Besides LMR and IMR, accuracies of components, loadings, and inter-modality linkages, as well as reference-imposed false discovery rate (RFDR) were also evaluated. SNP component accuracy was assessed with sensitivity, which was the ratio of correctly identified causal loci to the built-in true causal loci. Loading accuracy was reported as the absolute value of the correlation between the diagnosis pattern and the extracted loadings. The correlation between the SNP and fMRI components most resembling the ground truth was calculated and compared with the built-in correlation to reflect link accuracy. RFDR assessed the overfitting by evaluating how many random reference loci were falsely identified as causal. In addition, when testing two isolated references, we compared the performance between a pICA-MR run with two references and two separate pICA-R runs. Due to the computation burden, we conducted this combined versus separate comparison only for one dataset with a SNP dimensionality of 50K and median effect size of 0.059.

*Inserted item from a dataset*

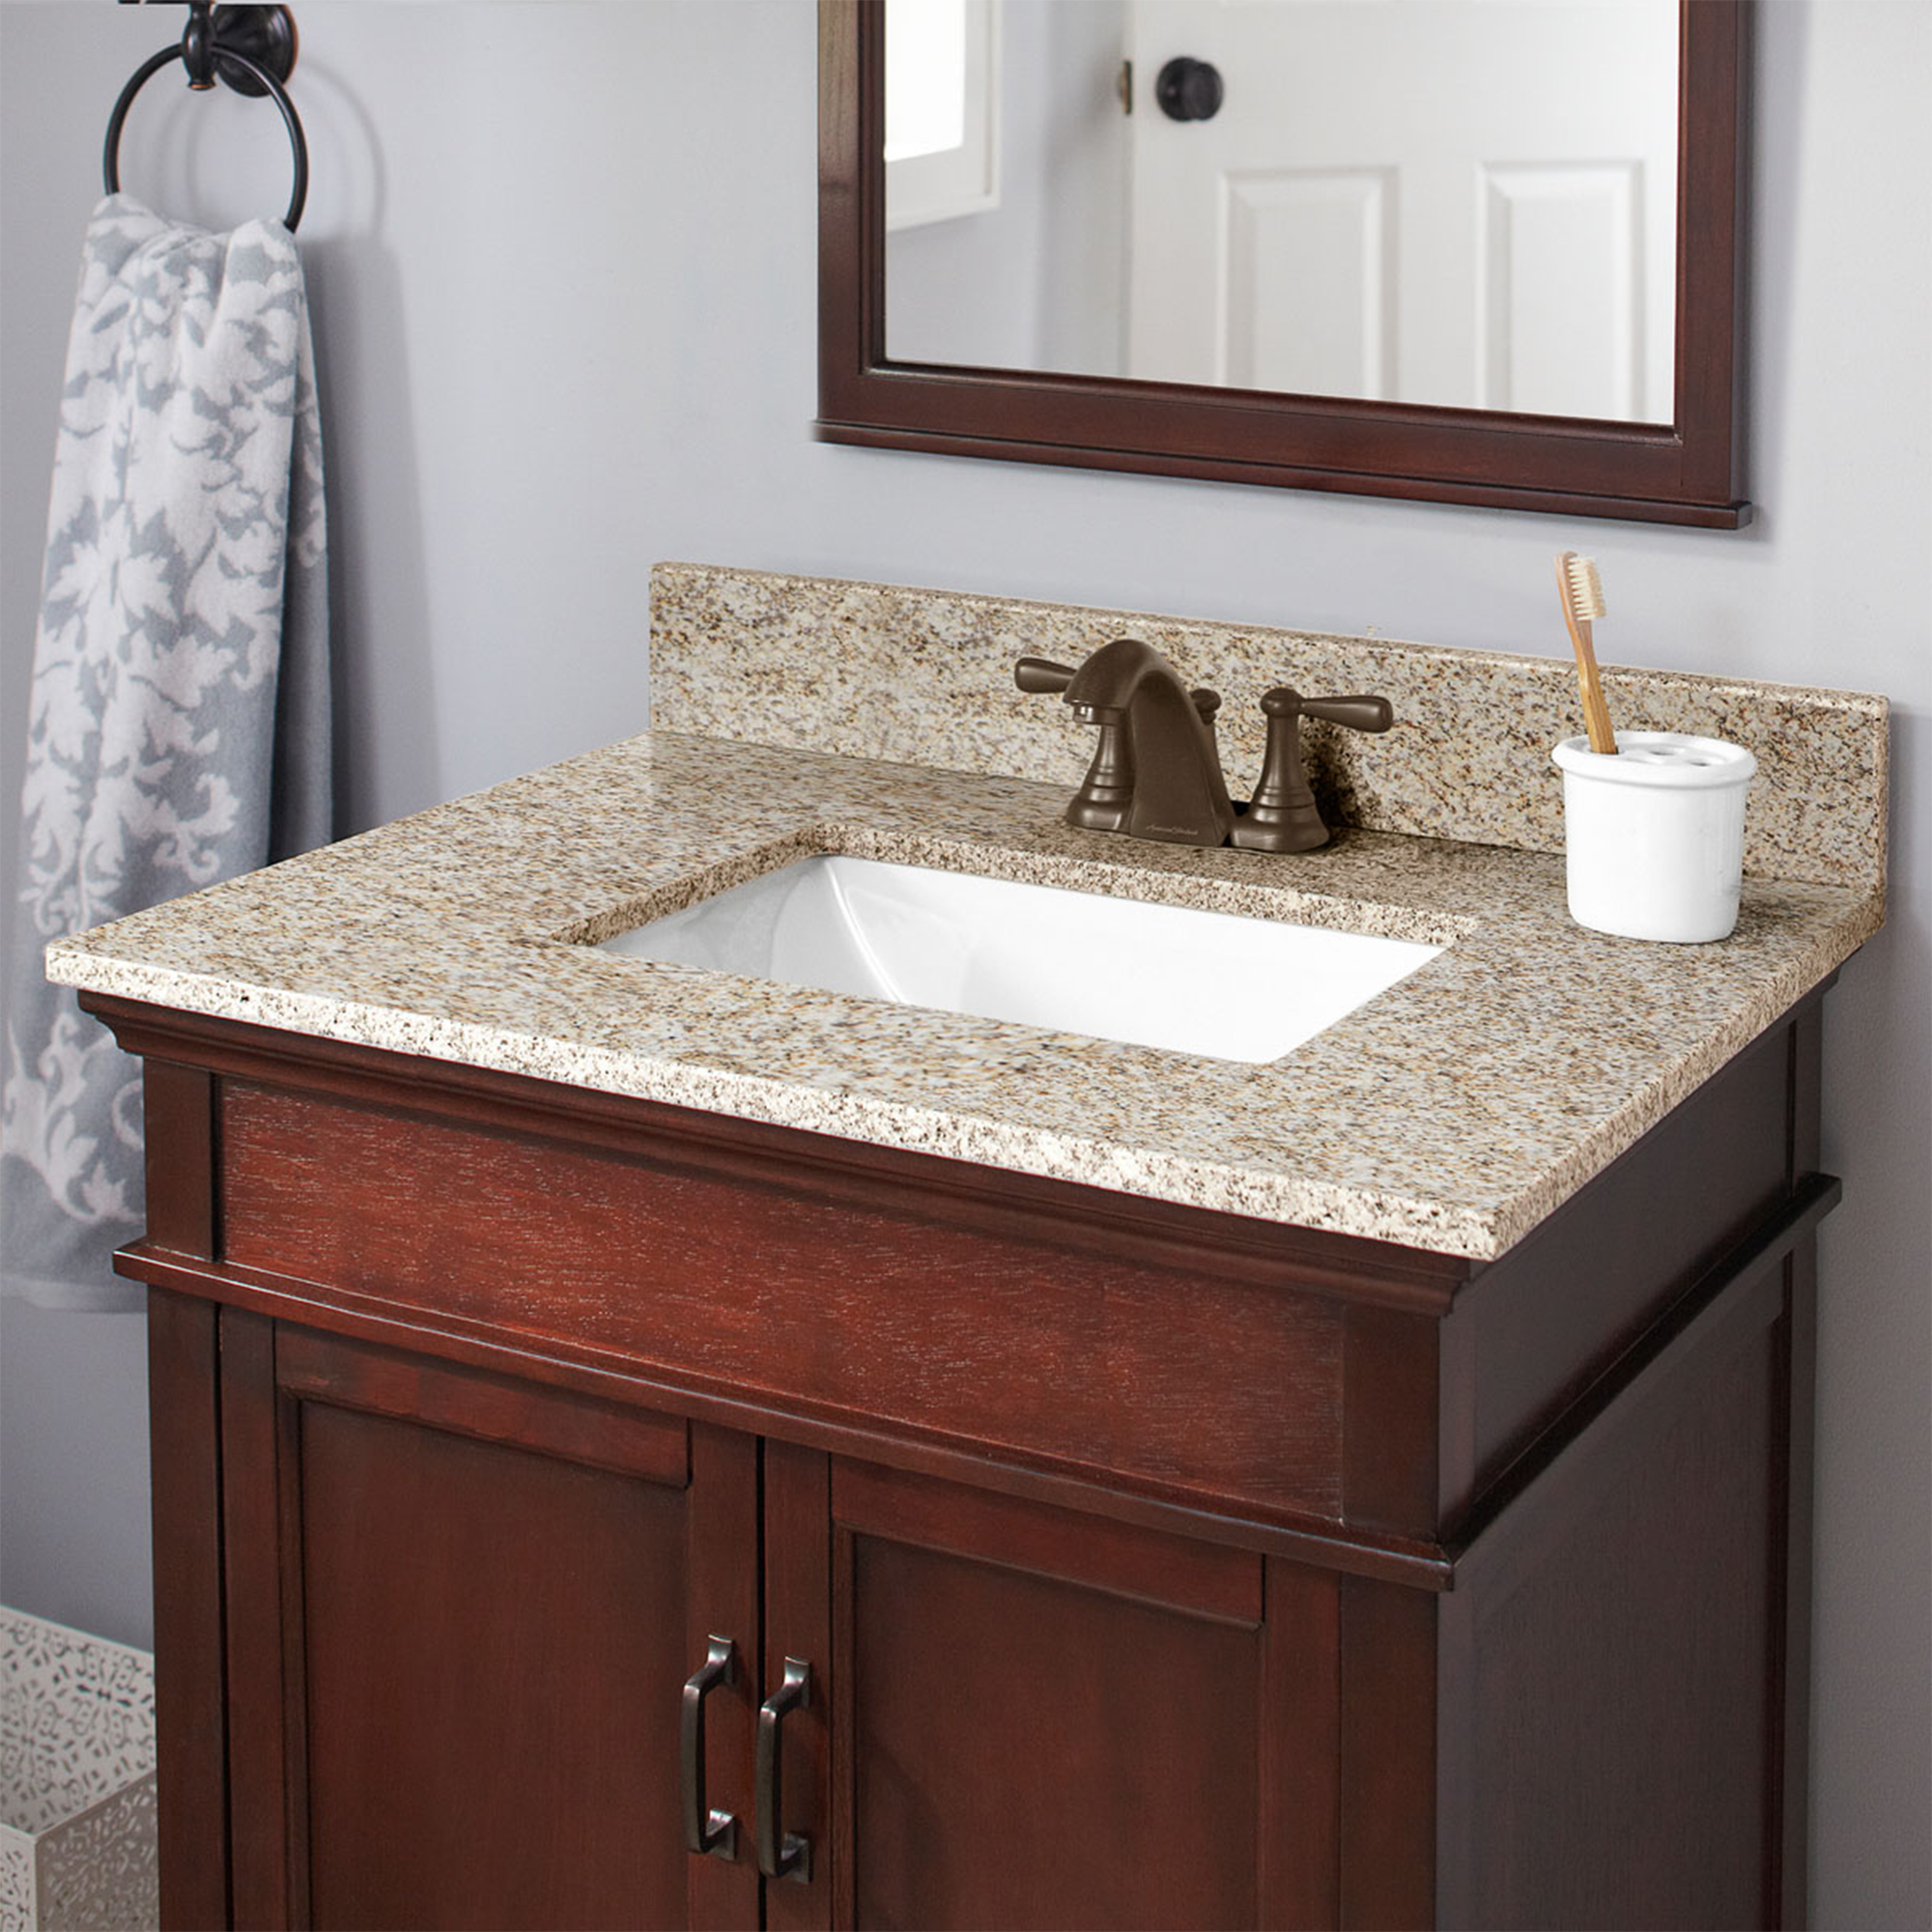 Granite Vanity Top And 4 In Spread

pICA-MR requires selection of the component number. In the simulations, the fMRI component number was set to 8, the true component number for the simulated data. For the SNP modality, a true component does not necessarily yield optimal results [11]. This is because a principal component analysis (PCA) data reduction is usually applied before ICA to capture the largest variances in the data. However, genetic components may account for small variances such that the related information can be discarded by PCA. In this work, we chose to set the SNP component number to be 50 given our observation that the semi-blind pICA-R model tends to be robust to over-estimation [7].
IV. Results
Overall, pICA-MR successfully captured the reference structure when two references were assessed simultaneously. Given references spanning 20 true causal loci (accuracy = 1), the LMR was 1 based on 100 runs, regardless of the causal loci effect size or SNP dimensionality, as in Fig. 1. And the resulting component, loading and link accuracies were consistent with those observed for pICA-R [7], which had been shown to yield significant improvement compared to blind methods such as ICA and pICA. Obviously, pICA-MR showed robust performances under various scenarios. The component accuracy remained around 0.5 when the median causal loci effect size decreased to 0.03 with a sample-to-SNP ratio of 0.004; as well as when the sample-to-SNP ratio decreased to 0.0004 (200/500K) given a median casual loci effect size below 0.06.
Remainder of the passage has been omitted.